학술논문

Multi-Agent Reinforcement Learning in Dynamic Industrial Context
Document Type
Conference
Source
2023 IEEE 47th Annual Computers, Software, and Applications Conference (COMPSAC) COMPSAC Computers, Software, and Applications Conference (COMPSAC), 2023 IEEE 47th Annual. :448-457 Jun, 2023
Subject
Computing and Processing
Engineering Profession
General Topics for Engineers
Training
Adaptation models
Heuristic algorithms
Mission critical systems
Reinforcement learning
Quality of service
Network architecture
Reinforcement Learning
Multi-Agent
Machine Learning
Software Engineering
Emergency Communication Network
Language
Abstract
Deep reinforcement learning has advanced signifi-cantly in recent years, and it is now used in embedded systems in addition to simulators and games. Reinforcement Learning (RL) algorithms are currently being used to enhance device operation so that they can learn on their own and offer clients better services. It has recently been studied in a variety of industrial applications. However, reinforcement learning, especially when controlling a large number of agents in an industrial environment, has been demonstrated to be unstable and unable to adapt to realistic situations when used in a real-world setting. To address this problem, the goal of this study is to enable multiple reinforcement learning agents to independently learn control policies on their own in dynamic industrial contexts. In order to solve the problem, we propose a dynamic multi-agent reinforcement learning (dynamic multi-RL) method along with adaptive exploration (AE) and vector-based action selection (VAS) techniques for accelerating model convergence and adapting to a complex industrial environment. The proposed algorithm is tested for validation in emergency situations within the telecommunications industry.
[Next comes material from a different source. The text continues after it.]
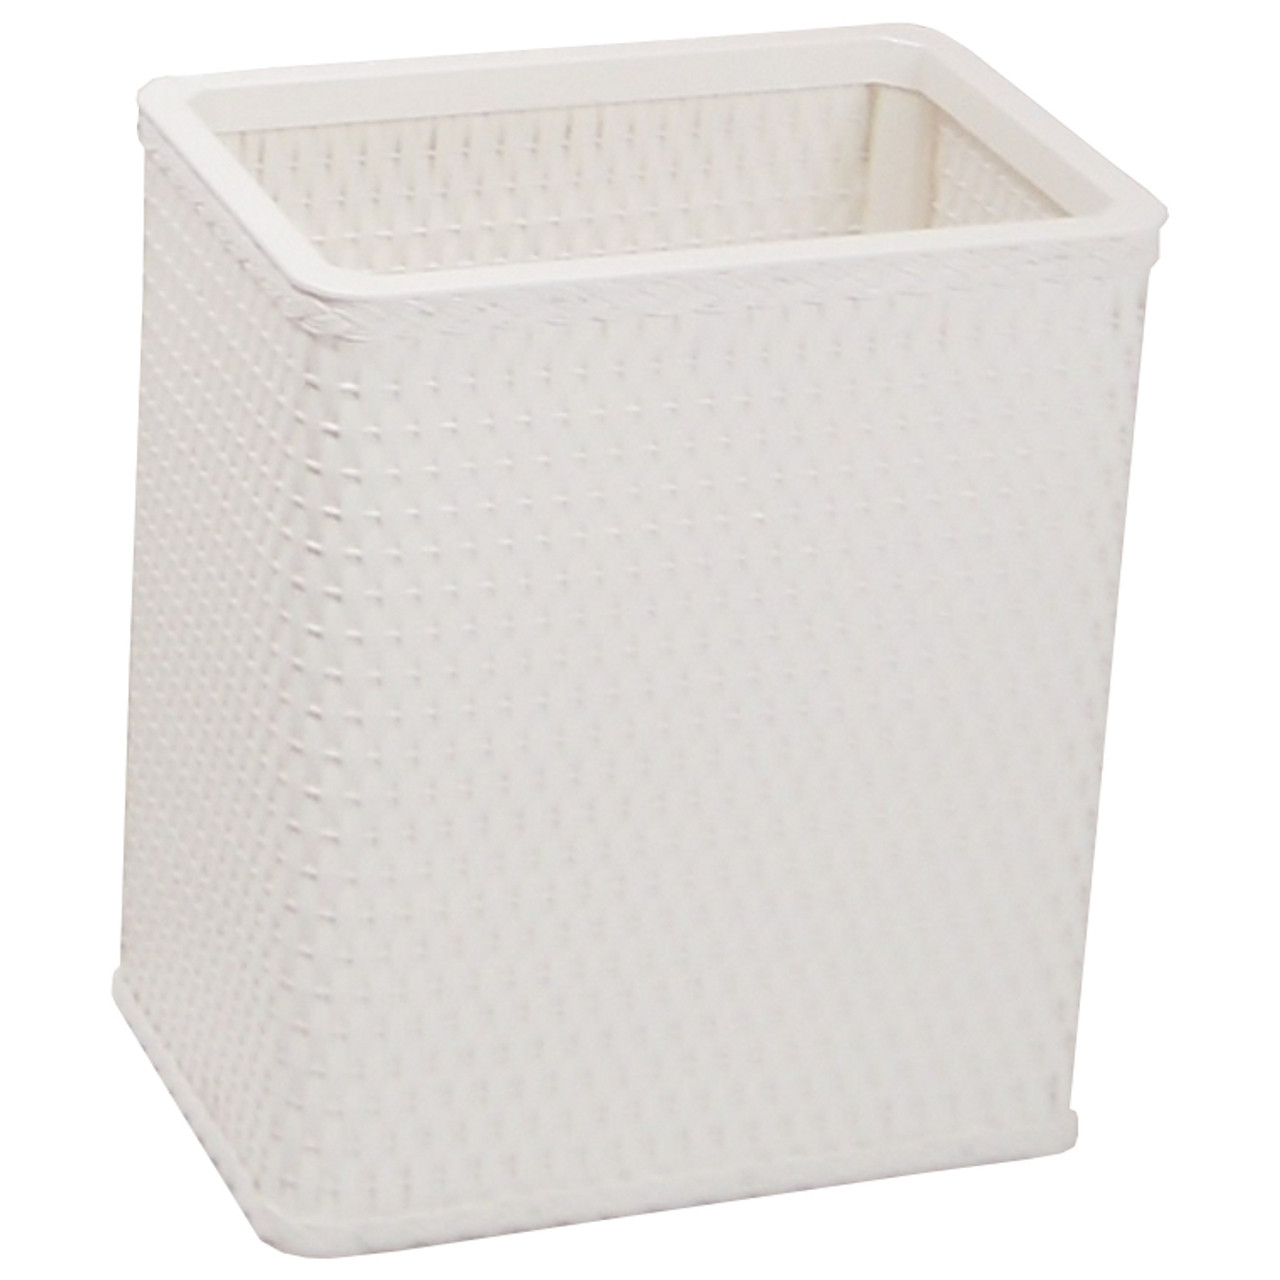 Chelsea Wicker Rectangular Wastebasket White

In such circumstances, three unmanned aerial vehicles (UAV-BSs) are used to provide temporary coverage to mission-critical (MC) customers in disaster zones when the original serving base station (BS) is destroyed by natural disasters. The algorithm directs the participating agents automatically to enhance service quality. Our findings demonstrate that the proposed dynamic multi-RL algorithm can proficiently manage the learning of multiple agents and adjust to dynamic industrial environments. Additionally, it enhances learning speed and improves the quality of service.